MIPAS / Envisat

MIPAS, the Michelson Interferometer for Passive Atmospheric Sounding, was a mid-infrared emission spectrometer which was part of the core payload of ENVISAT. It is a limb sounder, i.e. it scans across the horizon detecting atmospheric spectral radiances which are inverted to vertical temperature, trace species and cloud distributions. It was launched aboard ENVISAT (ESA) on 1 March 2002 in a sun-synchronous polar orbit (98.55º) at 800 km. It had a spectral coverage of 4.15-16 μm (685-2410 cm-1), was operated at a spectral resolution of 0.035 cm-1 in its first phase (until March 2004) and of 0.0625 cm-1 in its second phase and with a high sensitivity of 4-30 nW/(cm2 sr cm-1)‏ and a radiometric accuracy of 1-3 % (4-15 µm)‏.

It measured the Earth's atmosphere until April 2012 with a global (pole-to-pole) coverage, both during day- and night-time conditions. It measured about 72 profiles per orbit, i.e. about 1000 profiles/day. During its first phase its observes the atmosphere in its nominal model scanning from about 6 km up to 68 km. In its second phase (January 2005 until April 2012) it used four observation modes: the nominal mode (NOM, 6-70 km), the middle atmosphere (MA, 18-102 km),  the upper atmosphere (UA, 42-172 km)  and the NLC (42-102 km).

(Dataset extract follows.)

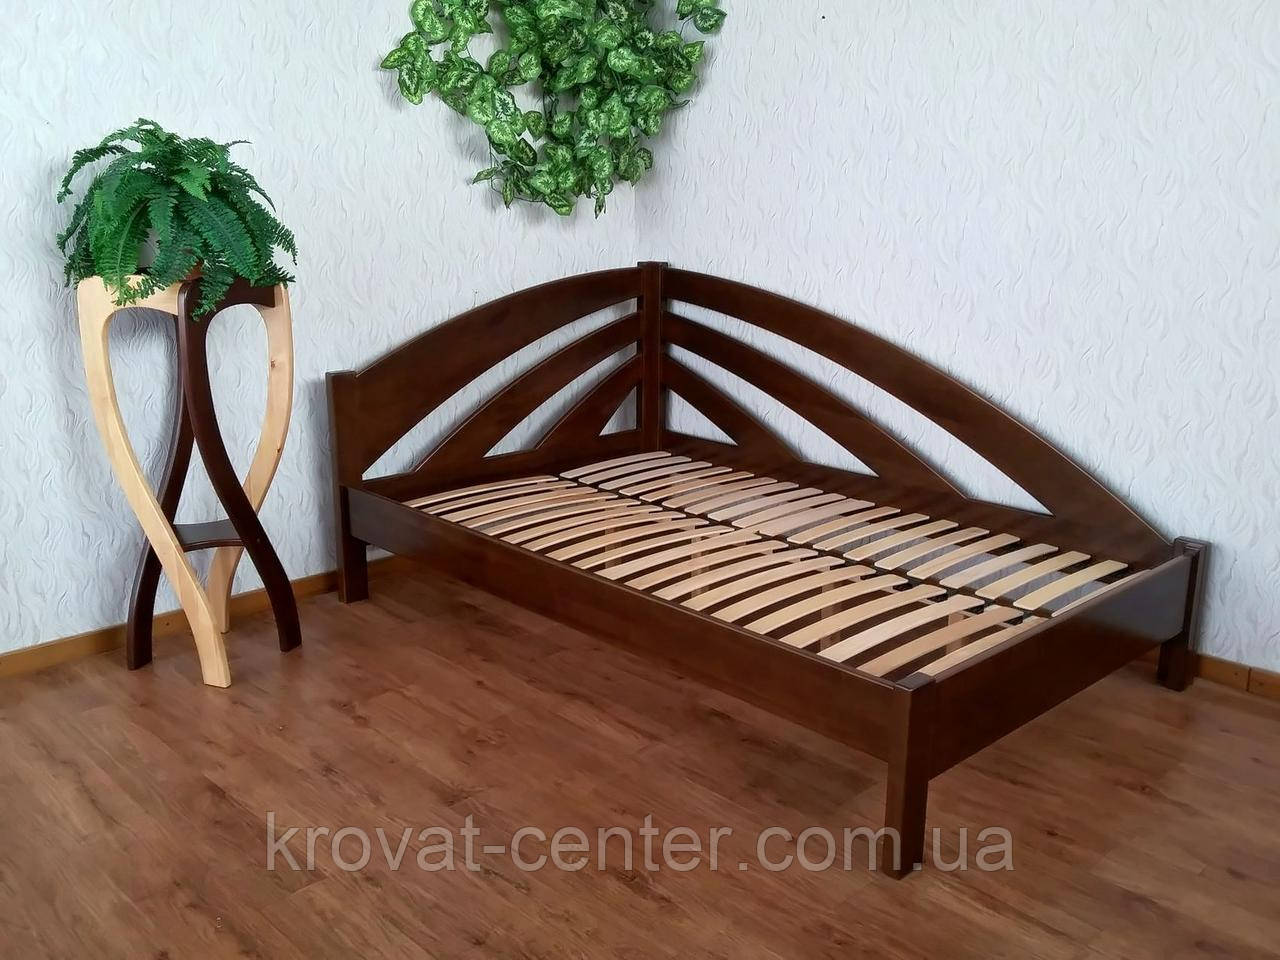 Напівторне дерев'яне ліжко для спальні кутове з масиву натурального дерева "Райдуга" від виробника

It focused on the study of the chemical composition, dynamics, radiation and energy budget of the middle atmosphere.
It major scientific objectives were: a) Stratospheric chemistry and dynamics; b) Stratosphere-troposphere exchange; c) Chemistry and physics of the upper troposphere; d) Physics and chemistry of the upper atmosphere; and e) Climatology and weather forecasting. MIPAS was also very useful for performing non-LTE studies becasue of its high sensitivity with high spectral resolution and wide spectral coverage. It observes the atmopshere during 10 years providing one of the most important databases of the middle atmosphere so far obtained. Taking global measrements of temperature and of more than 30 species, including O3, H2O, CH4, N2O, NO2, NO, CO, CO2 and PMCs, among others (see here for a complete list). More information on MIPAS can be found in Fischer et al., 2008.

Our Group has been involved in MIPAS from the very beginning carrying out several scientific studies. We have been also members of the Scientific Advisory Group (SAG), of the Calibration and Validation Group (CVG); and of the Quality Working Group (QWG).

We retrieve, together with IMK (Karlsruhe), many atmospheric species. The current (IMK-IAA) public MIPAS data from the MesosphEO can be downloaded from: http://share.lsdf.kit.edu/imk/asf/sat/mesospheo/data/L2/.

The MIPAS data have been used for achieving outstanding advances on our knowledge of the middle atmosphere in various fileds as, for example, the impact of the solar particles on the atmospheric composition; the coupling of the lower and upper atmosphere; the NOy budget, the non-LTE processes in the middle atmosphere, etc.